Report on flawed Bailey case to be raised in court

A report from the office of the DPP detailing serious flaws in the prosecution case against Ian Bailey is to be raised in court next month as part of his compensation claim against the State.

The report, compiled in 2001, highlights the lack of forensic evidence linking Mr Bailey to the 1996 murder of French filmmaker Sophie Toscan du Plantier; dismisses almost all witnesses as unreliable; accuses gardaí of adding to local “hysteria” about Mr Bailey, and says the arrest and detention of his partner was “unlawful”.

The report only came to light last year when Mr Bailey was appealing a High Court decision to allow his extradition to France.

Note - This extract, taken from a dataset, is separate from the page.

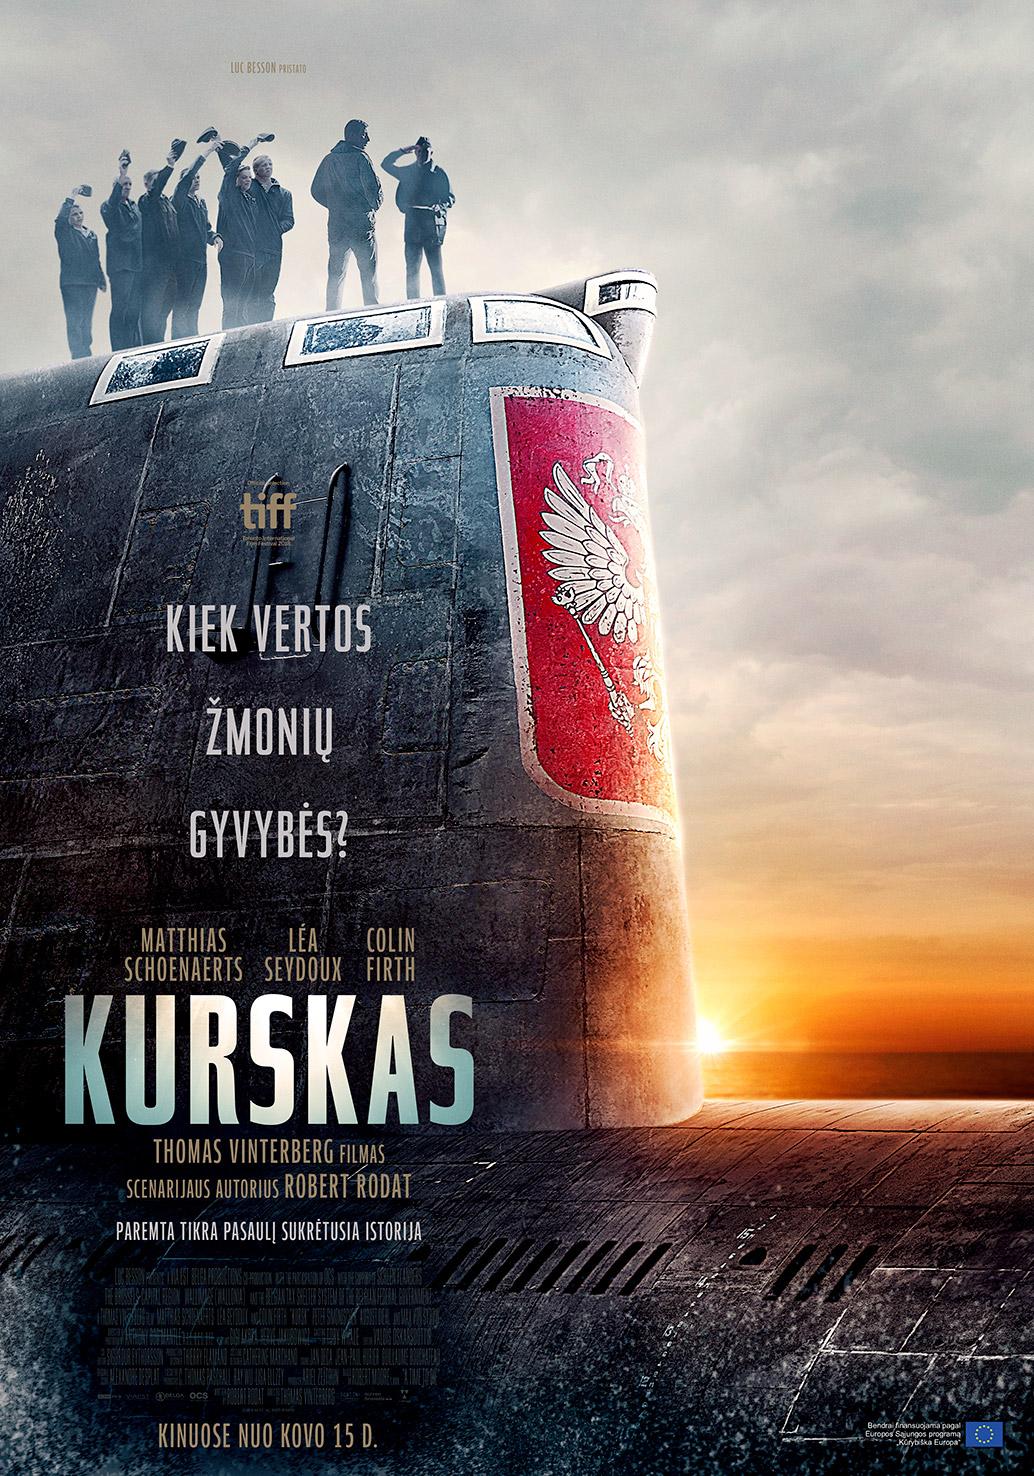 KURSKAS (KURSK)

He won his appeal in the Supreme Court and is now taking a civil case for damages for wrongful arrest twice in the early years of the murder investigation, and the consequences for his reputation, liberty, and livelihood, which he says continue to the present day.

A full day’s hearing on the discovery of documents still in the possession of the State and on matters arising from the DPP’s report, will take place in the High Court on Apr 22. A full hearing of the compensation case will be scheduled for a later date.

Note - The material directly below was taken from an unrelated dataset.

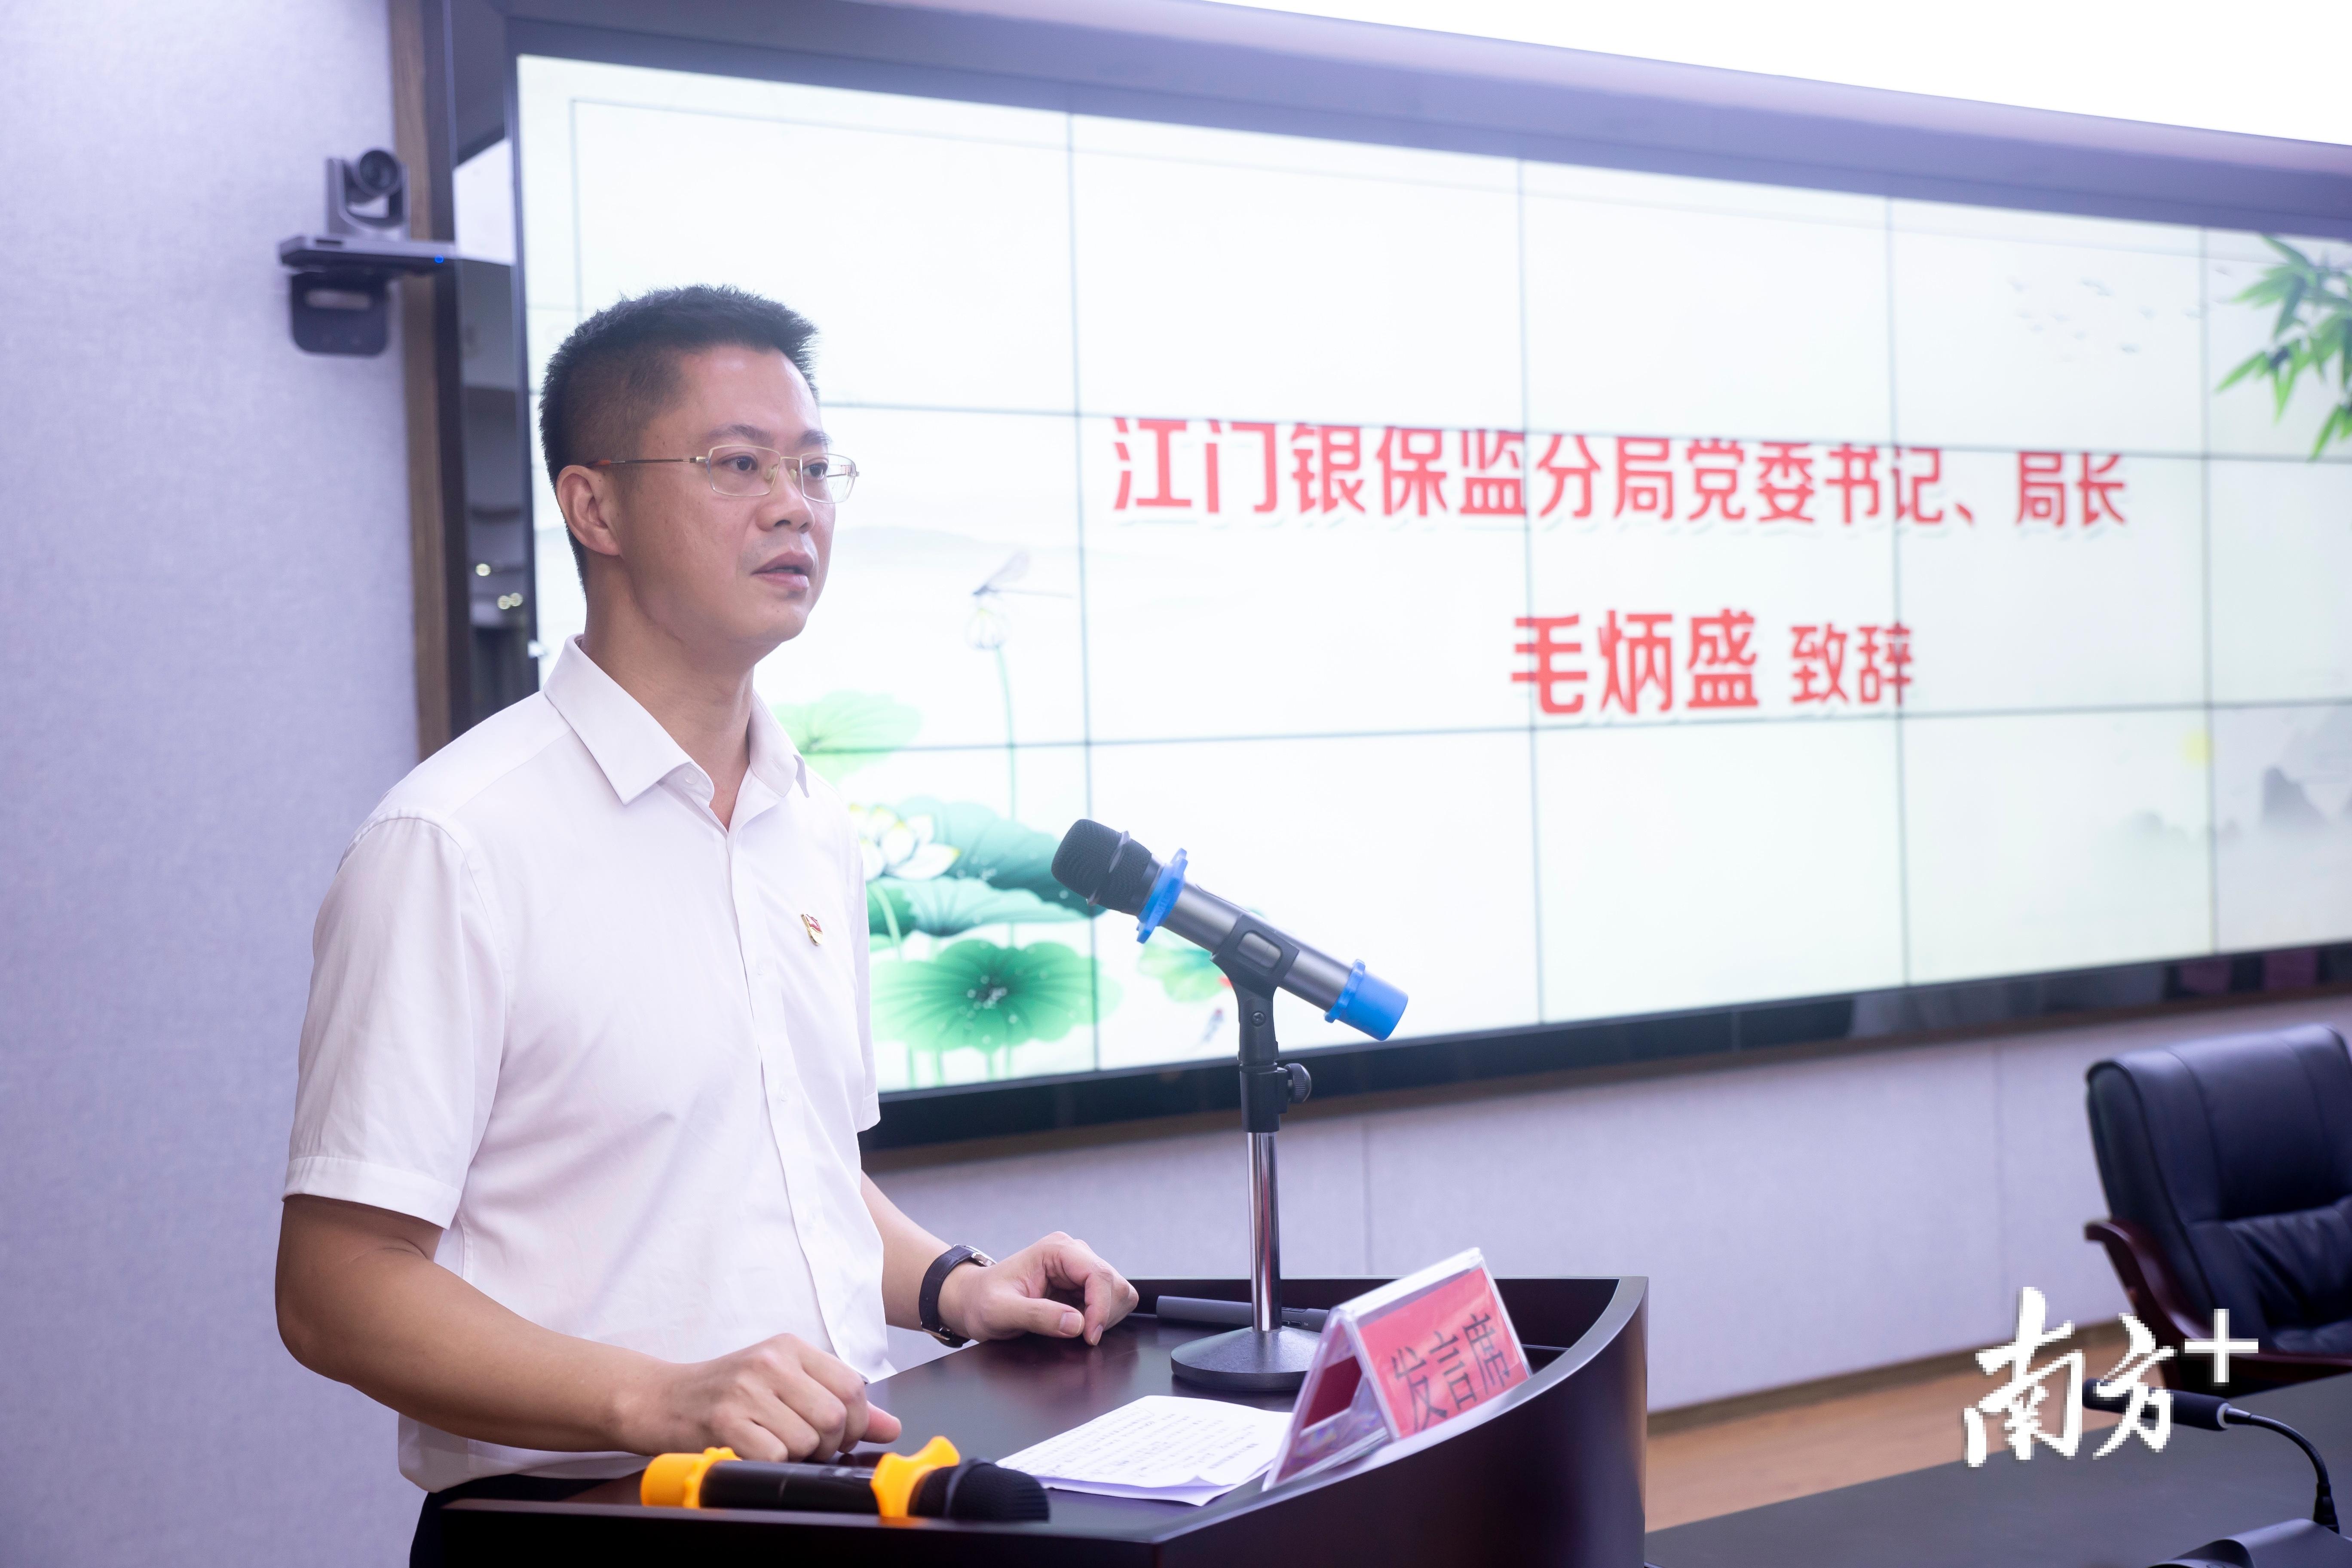 江门银保监分局党委书记、局长毛炳盛致辞。开平市检察院提供

Relatives and friends of Ms de Plantier were said to be dismayed this week when they discovered the DPP’s report was available for public viewing online.

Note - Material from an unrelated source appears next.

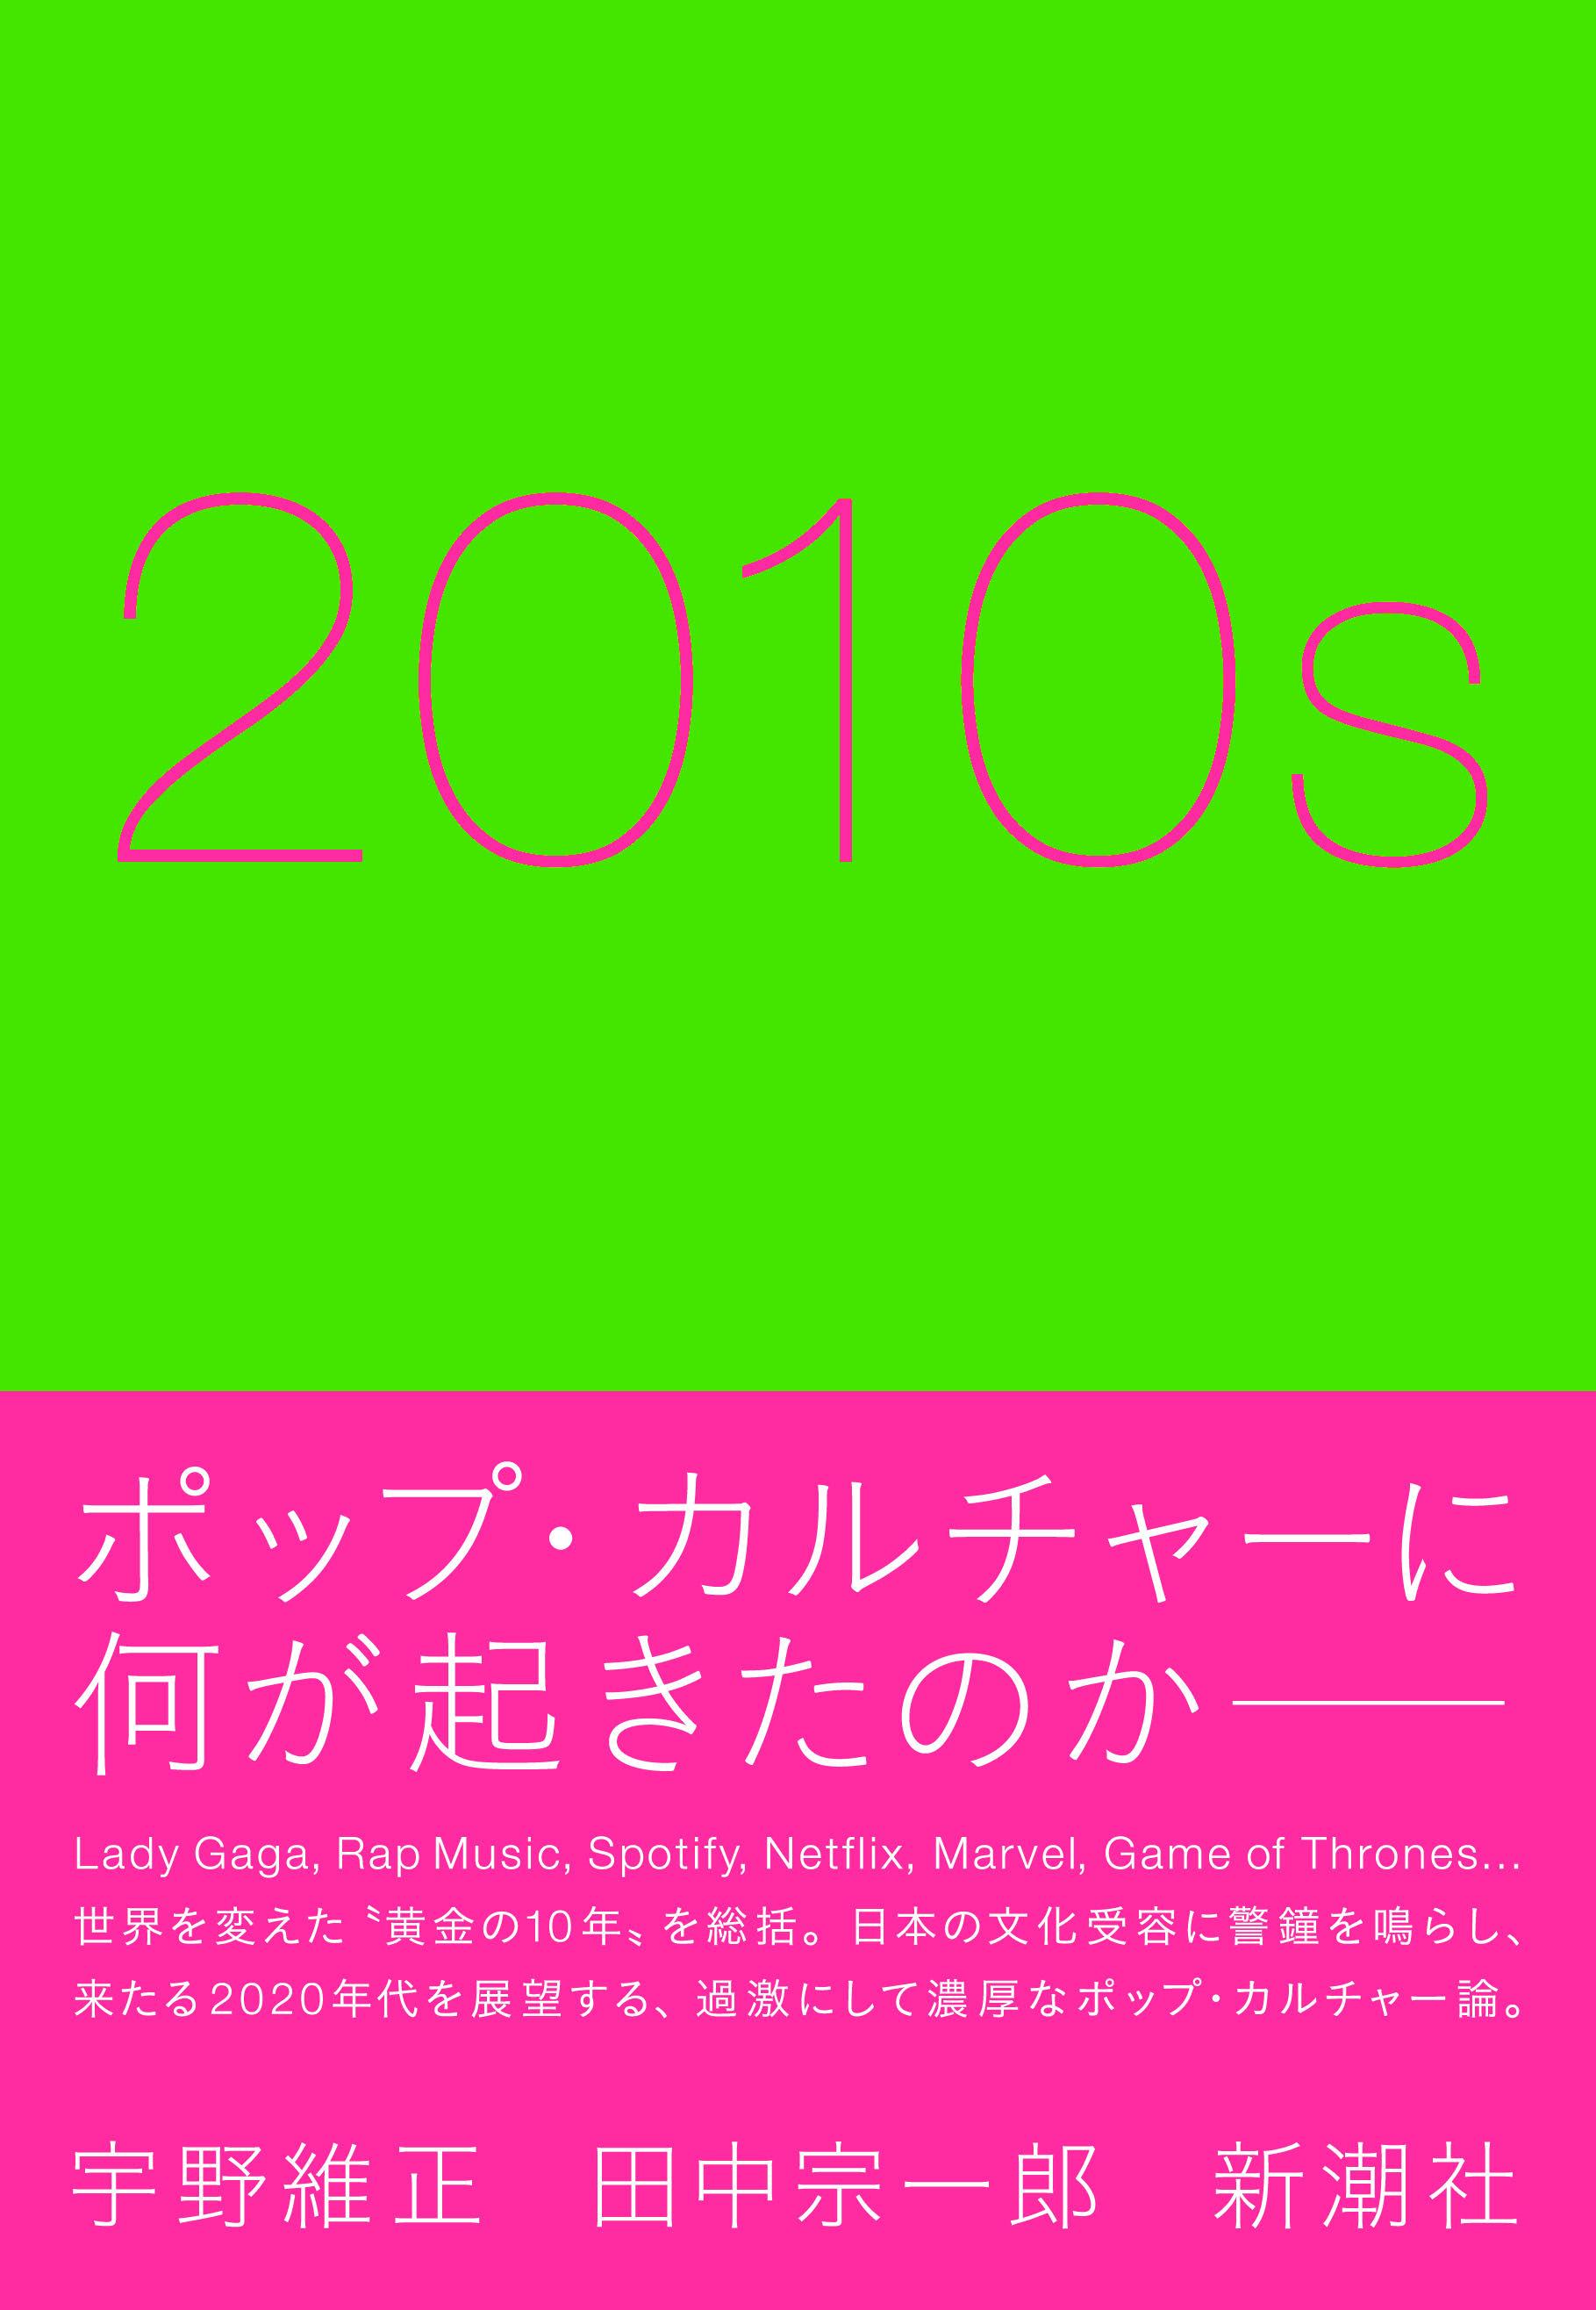 『2010s』刊行記念 宇野維正×田中宗一郎 トークライブ九州死闘篇 -熊本-

They have insisted French authorities continue in their attempts to bring Mr Bailey to France.

They said the report contained potentially legally sensitive information.

Frank Buttimer, solicitor for Mr Bailey, said he did not know how the report ended up on the website.

“It was certainly not anything which was facilitated by Mr Bailey,” he said.

“On the other hand, it is of no surprise to me that it is now in the public domain because it was filed in court and referred to extensively and indeed quoted in various responsible media organisations and referred to by the Supreme Court.

“I am also satisfied that it would have been in the possession of the so-called French authorities for a lengthy period of time and that perhaps the real concern of the family is the exposure to public scrutiny of the non-existence of any evidence against Mr Bailey.”

Malachy Browne, the journalist who posted the report on, said: “The reason I posted it is because it contained information that I felt was in the public interest, specifically in relation to the behaviour of certain gardaí.”

He said if there were sections Ms du Plantier’s family felt were personally sensitive and were not necessarily in the public interest, he would be happy to remove them.